One of the keynote speakers, International Monetary Authority (IMF) Hong Kong Resident Representative Sean Craig, said that local financial institutions and regulatory authorities should take steps to develop the market infrastructure for credit risk assessment before the market demand for yuan-denominated investment products flags.
"The current burgeoning demand for yuan-denominated investment products is primarily driven by expectations of yuan appreciation," Craig said. "However, in a long-term perspective, the local offshore yuan market cannot be sustained by yuan appreciation expectations alone."
"If the yuan stops appreciating, it may drastically curtail the demand for such products.

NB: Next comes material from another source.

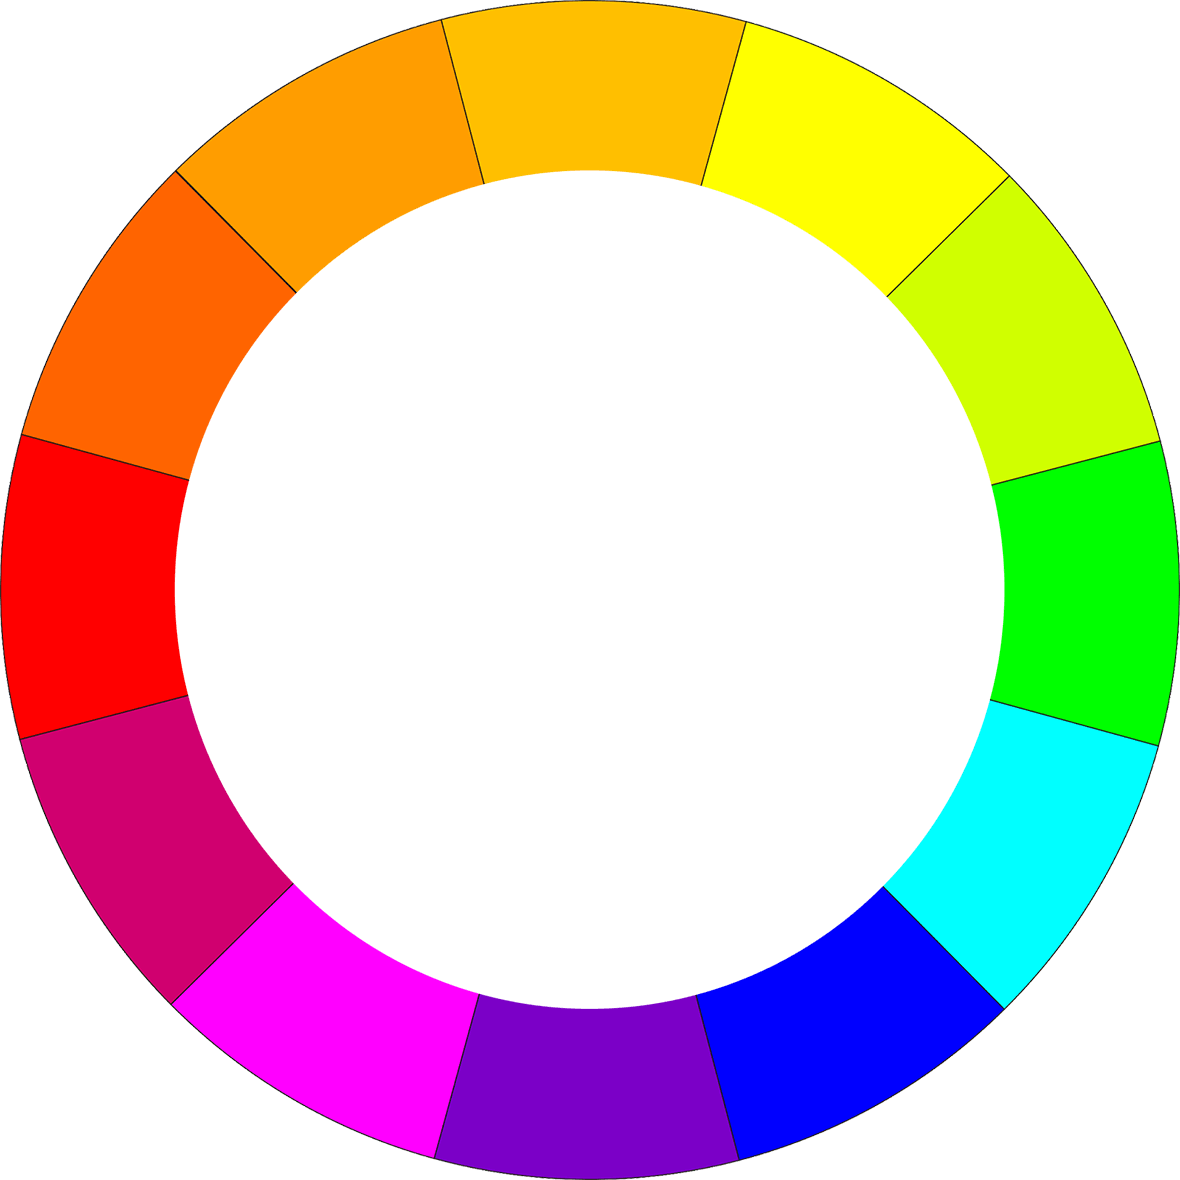 Personalizzare la seduta di Floating colori RGB

This may push down the prices of such products and increase volatility in the offshore yuan market in the city," Craig cautioned.
Other bankers also voiced their concerns that market participants should be vigilant as the price of yuan-denominated financial products may eventually fall one day.

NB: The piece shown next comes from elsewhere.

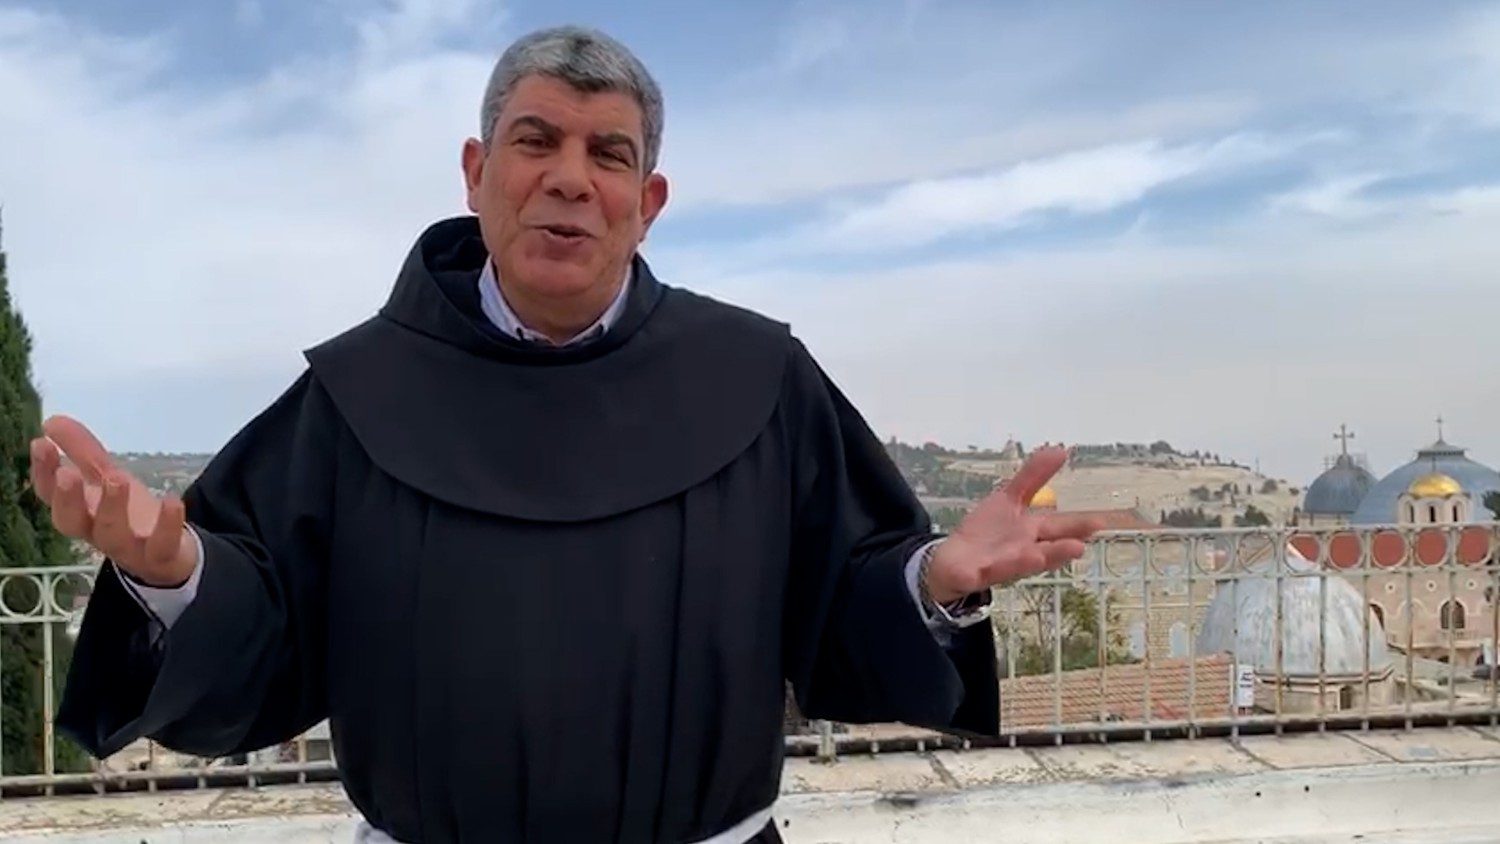 Padre Faltas: El Papa es el único que dice “alto el fuego” - Vatican News

"In many cases, local financial institution seem to have not considered the possibility of yuan currency depreciation in the process of designing yuan-denominated investment products," said T.C. Chan, senior adviser at the Bank of East Asia Limited. "Investors and other market participants should be aware that the yuan will not move in an upward direction alone."
Sebastian Paredes, chief executive officer of DBS (Hong Kong) Limited, warned that the local financial market may be greatly affected if capital flees from yuan-denominated financial assets.
"Local yuan deposits have occupied 10 percent of the total deposit base in the city. If there is capital outflow from the local yuan-denominated assets, the impact upon the local financial sector will be very great," Paredes said.
According to Hong Kong Monetary Authority figures, local yuan deposits in the city at the end of July totaled 572.2 billion yuan, up 3.4 percent from a month earlier. Local yuan deposits have ballooned by more than 250 billion yuan since Hong Kong and the mainland signed the supplementary and revised agreement on renminbi business in July 2010. Yuan deposits now account for 10 percent of total deposits in the city.
The yuan fell sharply against the US dollar in the Hong Kong offshore market on September 23, extending the slide from the previous day. The yuan currency, together with other Asian currencies, is coming under severe selling pressure as global investors are eager to liquidate their long yuan positions to lock-in their profits amid the growing volatility in the global investment market.